Authorization
Google Drive API
Prerequisites
Before creating a Google Drive API credential in Nexla, ensure the following requirements are met.
Google Account
An active Google account with access to the Google Drive storage you want to connect is required. If you are accessing a shared drive or a drive belonging to a Google Workspace organization, ensure your account has appropriate permissions to the relevant files and folders.
Google Drive API Enabled
The Google Drive API must be enabled for the Google Cloud project associated with your OAuth 2.0 credentials. To verify or enable the API:
-
Sign in to the Google Cloud Console.
-
Select or create a Google Cloud project from the project selector at the top of the page.
-
Navigate to APIs & Services > Library from the left navigation menu.
-
Search for Google Drive API in the search box.
-
Select Google Drive API from the results, and click Enable if it is not already enabled.
Required OAuth 2.0 Scopes
The Nexla Google Drive API connector uses OAuth 2.0 to authenticate with the Google Drive API. During the authorization process, Nexla will request the following access scopes:
https://www.googleapis.com/auth/drive— Full access to all files in Google Drive, including reading, creating, modifying, and deleting files and their metadata.https://www.googleapis.com/auth/drive.readonly— Read-only access to file metadata and file content.

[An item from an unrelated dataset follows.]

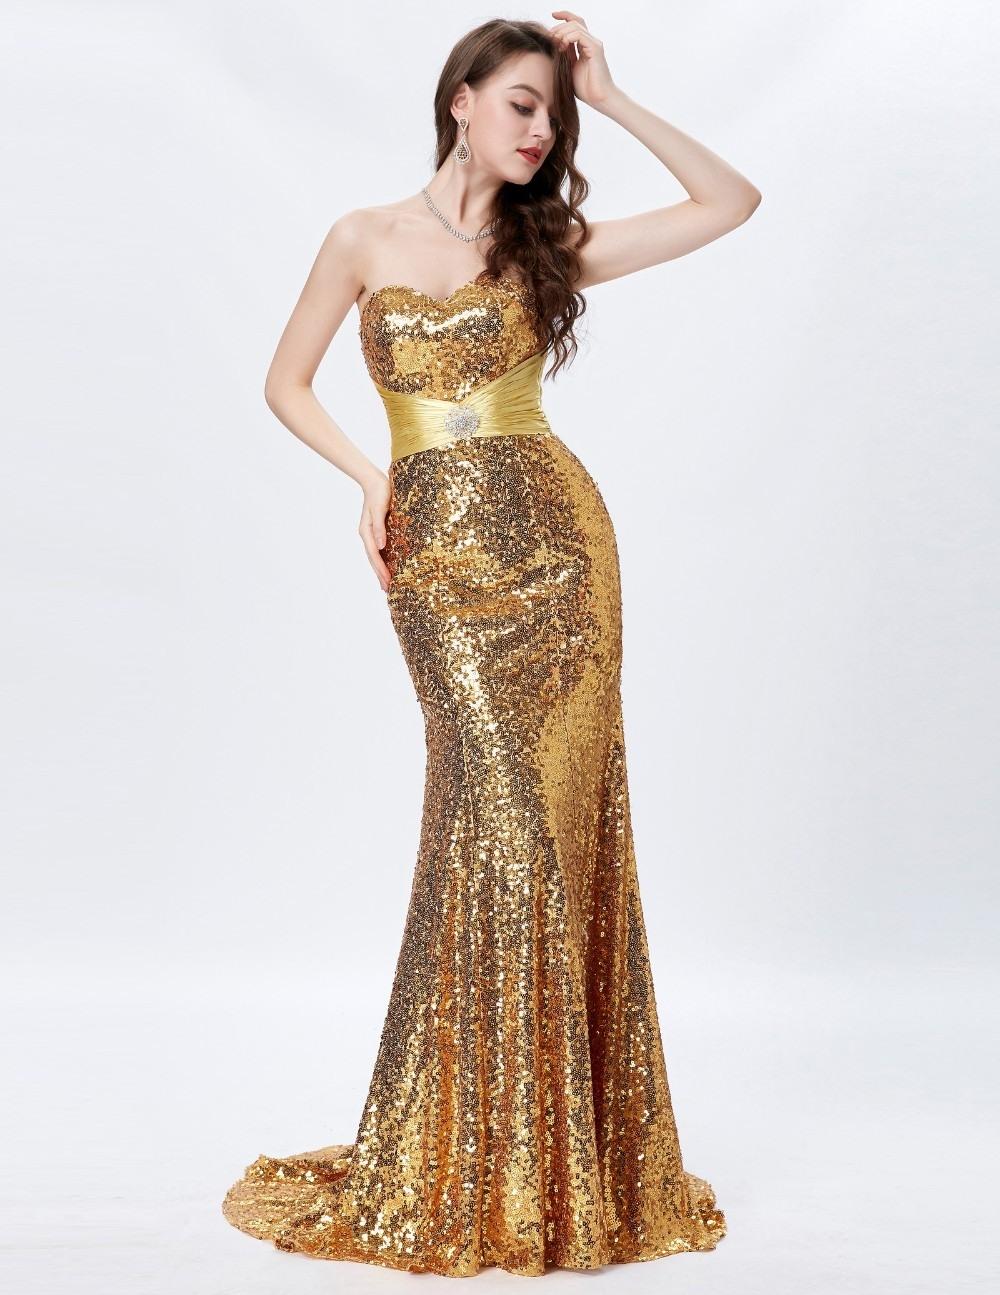 13 Großartig Kleider Für Besondere Anlässe Spezialgebiet15 Kreativ Kleider Für Besondere Anlässe Bester Preis

Sufficient for data source use cases where no write operations are needed.
Google recommends requesting the most narrowly scoped permissions your use case requires. For read-only data ingestion workflows, the drive.readonly scope provides the minimum necessary access and reduces the permissions granted to the application.
Google Workspace Considerations
If you are using a Google Workspace (formerly G Suite) account, your organization's administrator may need to approve third-party application access before the OAuth flow can complete. If you encounter an authorization error, contact your Google Workspace administrator to ensure the Nexla application is permitted to access Google Drive data. For details, refer to Google's documentation on controlling third-party app access.

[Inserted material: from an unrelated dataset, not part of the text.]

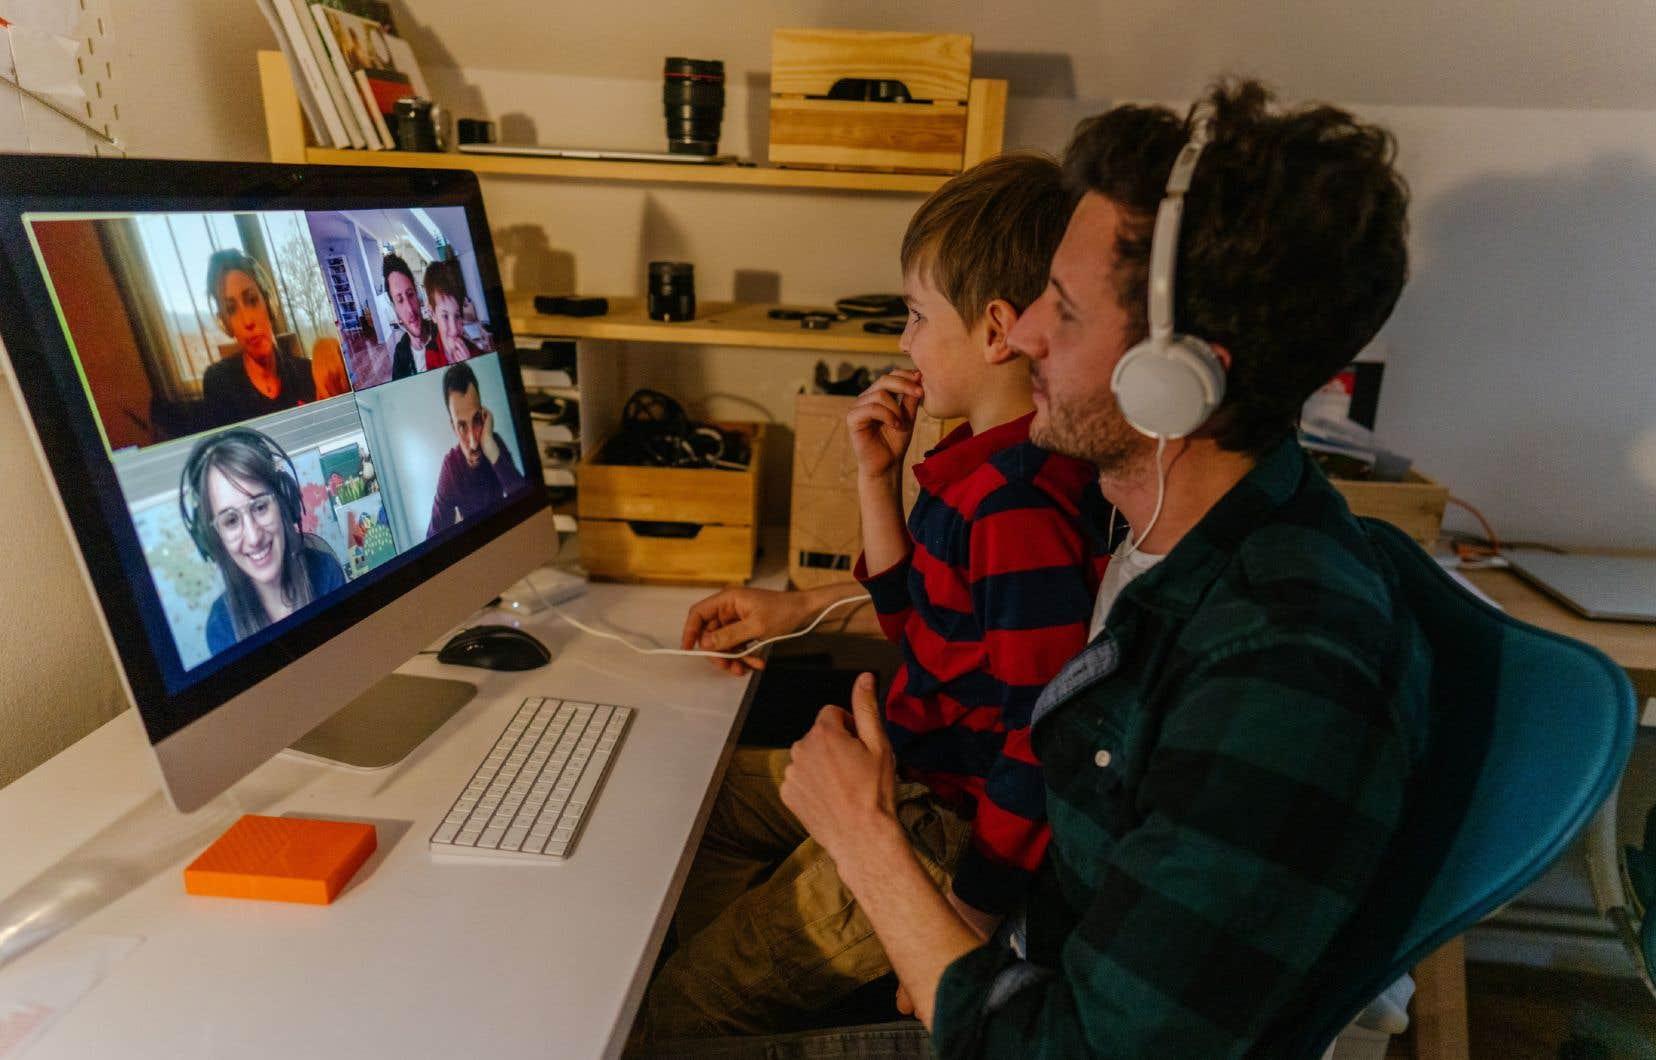 «7 Canadiens sur 10 affirment passer plus de temps sur Internet qu'avant la pandémie», écritStéphane Garneau.

Create a Google Drive API Credential
- To create a new Google Drive API credential, after selecting the data source/destination type, click the Add Credential tile to open the Add New Credential overlay.
Credential Name & Description
-
Enter a name for the credential in the Credential Name field and a short, meaningful description in the Credential Description field.
Resource descriptions are recommended but are not required. They should be used to provide information about the resource purpose, data freshness, etc. that can help the owner and other users efficiently understand and utilize the resource.
Authorize with Google
-
Click the Authorize button to initiate the OAuth 2.0 authorization flow. A new browser window will open, directing you to the Google sign-in page.
-
Sign in with the Google account that has access to the Google Drive storage you want to connect. If you are already signed in, select the appropriate account from the list.
-
Review the permissions that Nexla is requesting on the consent screen, and click Allow to grant access. Google will redirect you back to Nexla once authorization is complete.
The OAuth 2.0 authorization flow is managed entirely by Google. Nexla does not have access to your Google account password. The authorization grants Nexla a secure, scoped token that allows it to access Google Drive data on your behalf. This access can be revoked at any time from your Google Account permissions page.
Save the Credential
-
Once all of the relevant steps in the above sections have been completed, click the Save button at the bottom of the overlay to save the configured credential.
-
The newly added credential will now appear in a tile on the Authenticate screen during data source/destination creation and can be selected for use with a new data source or destination.